El mensaje de la Resurrección resuena con fuerza en este panorama devastador. “Lucharon vida y muerte en singular batalla. Muerto el que es Vida, triunfante se levanta.” Es un mensaje de vida y de esperanza. Aquel que vino a revelarnos el amor de Dios, Aquel que llegó a este mundo para decirnos que somos sus amigos, Aquel que nos amó hasta el extremo de dar su vida por nosotros, el Señor Jesús, que nos reveló que había venido a darnos vida, y vida en abundancia (cf. Jn. 10,10), ha vencido al reino de las tinieblas, del pecado y de la muerte, ha resucitado. Dios ha removido la piedra del sepulcro – también de nuestros sepulcros – para que Cristo viva, y nosotros recorramos los caminos de la vida y de la felicidad. La vida no termina con la muerte, se proyecta hacia el amor sin fin. No nacimos para morir. Nacimos para vivir: en esta vida y en la vida eterna.

Es esta semilla de vida y de esperanza la que queremos plantar al inicio del tercer milenio - en primer lugar en nuestro espíritu - para que crezca en nuestros encuentros familiares, en el trabajo y el estudio. En la barca de nuestra travesía por este milenio, así como ocurrió tantas veces en el mar de Galilea, queremos invitar a Jesús para que suba con nosotros, y nos transmita su paz interior, basada en su confianza ilimitada en el Padre; para que nos enseñe su sabiduría; nos inspire su manera de amar al prójimo, también a los que se declaraban enemigos suyos (cf. Mt. 5,44); y nos cautive con su ejemplo, precisamente para imitarlo. Con él queremos construir un mundo favorable a la vida, a la justicia, a la verdad, a la contemplación, a la gratitud y a la esperanza. Con él y como él queremos pasar por este mundo haciendo el bien.

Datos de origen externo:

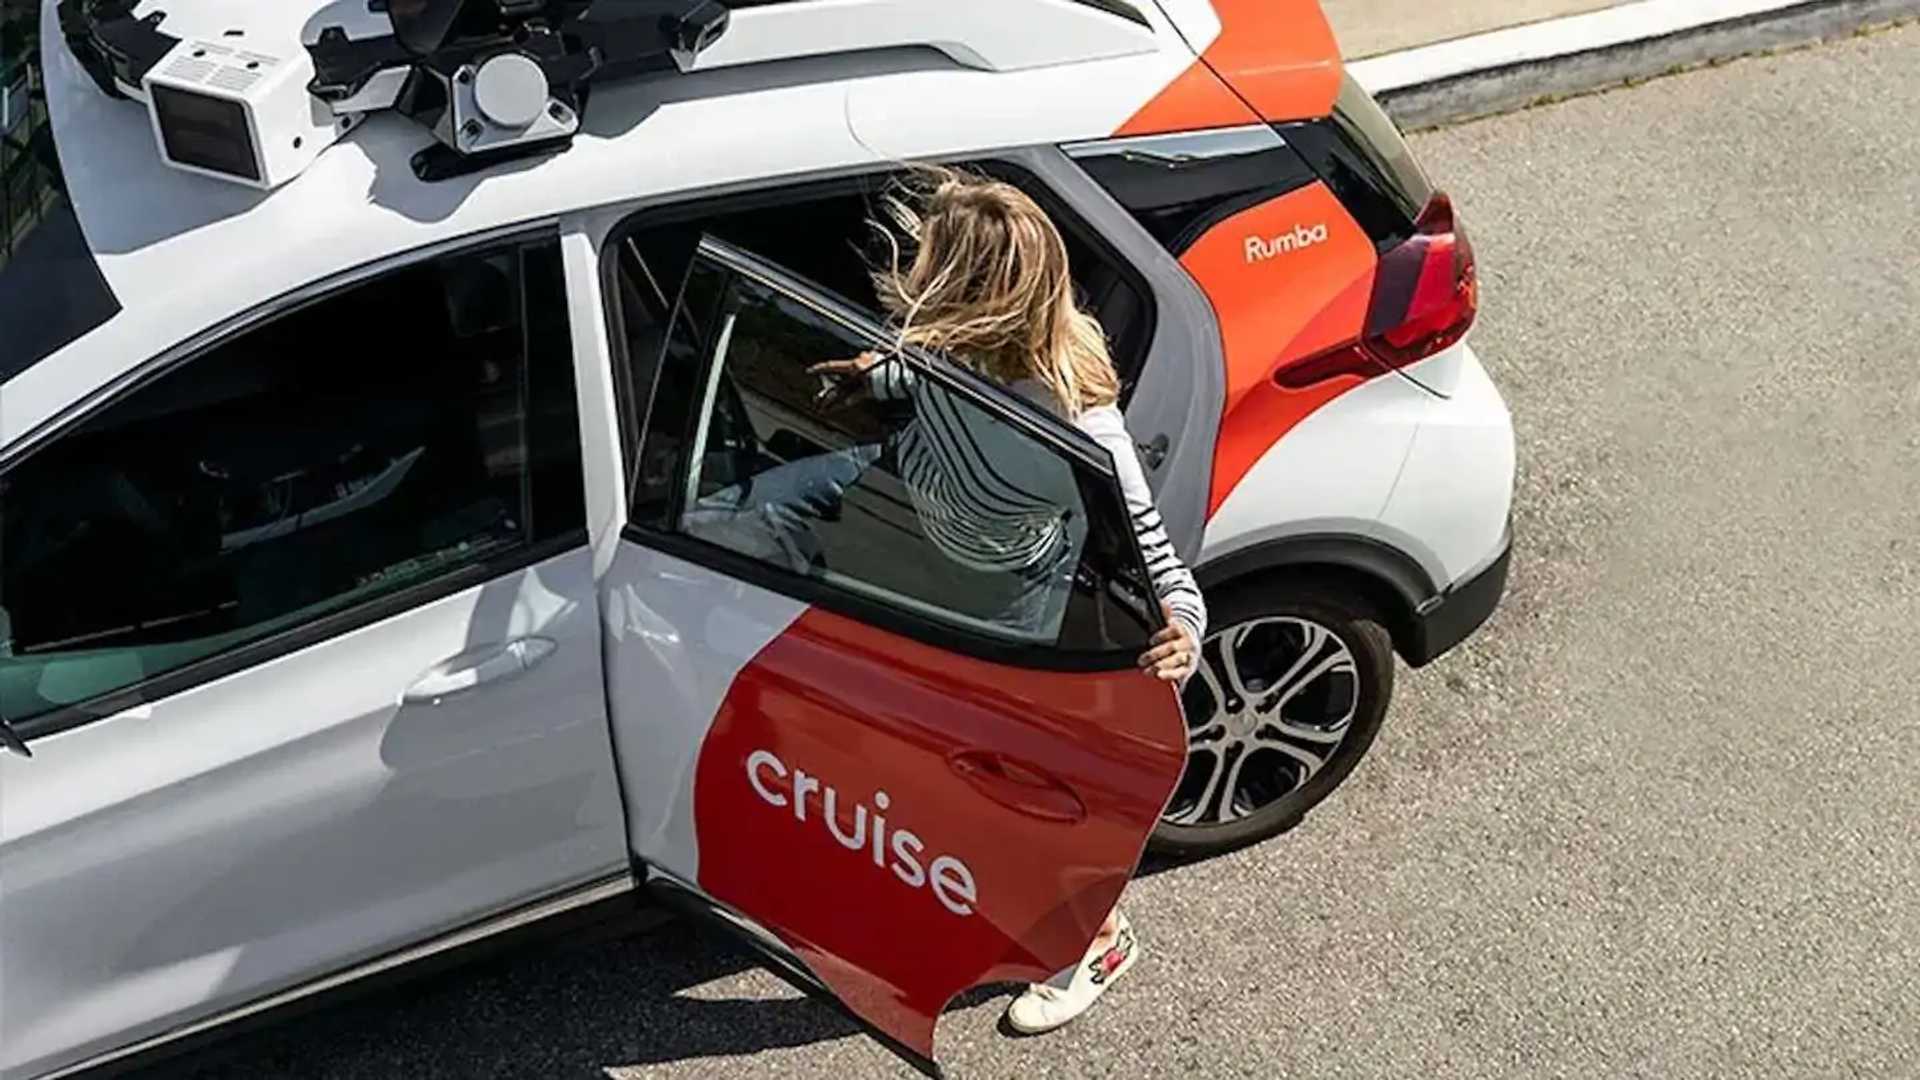 cruise to reduce robotaxi fleet by 50% in sf following fire truck collision

Es cierto, ésta es una manera de vivir en la cual se va perdiendo algo que también es nuestro. Se pierde comodidad, se pierden cosas superfluas y egoísmos, y se pierde ese afán de hacer girar todo el universo en torno a nuestra fama, nuestros deseos y caprichos, nuestras ansias de poder, de tener y de disfrutar ilimitadamente de todo y siempre ... a costa de uno mismo y de los demás. Ser discípulo de Jesús es perder esta manera de vivir, por amor a Jesús, para ganar la vida: la propia y la de nuestro pueblo (cf. Mt. 10,39). Es recorrer sus caminos por los misterios gozosos, dolorosos y gloriosos. Esperar que otros den los primeros pasos es errar de camino. Si cada uno se decide a seguir los caminos del Evangelio aunque nadie los siga, estaremos siguiendo a Aquel que optó por dar su vida para sellar una alianza de reconciliación y de paz – con el Padre y entre nosotros. Es una decisión enteramente personal, que es capaz de cambiar el clima de la convivencia, y de conferir a quien la toma la felicidad que Jesús prometió a quienes sigan su ejemplo (cf. Jn. 13,27).

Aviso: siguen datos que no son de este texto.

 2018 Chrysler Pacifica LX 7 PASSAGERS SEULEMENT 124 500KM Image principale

Trabajando, sirviendo y viviendo así, con Jesús y con su madre María, al inicio del tercer milenio, y cultivando la amistad con ellos; entregando nuestras vidas como Teresa de los Andes, el Padre Hurtado, Laurita Vicuña y tantos otros amigos del Señor, podremos remar mar adentro y lanzar las redes de la confianza en la palabra del Señor (cf. Lc. 5,4). Habrá pesca en abundancia, porque el Señor ha vencido a la muerte y es el Señor de la esperanza, de la alegría, de la vida y de la paz.

+ Francisco Javier Errázuriz Ossa
Cardenal Arzobispo de Santiago

Santiago, fiesta de la Resurrección del Señor del año 2001.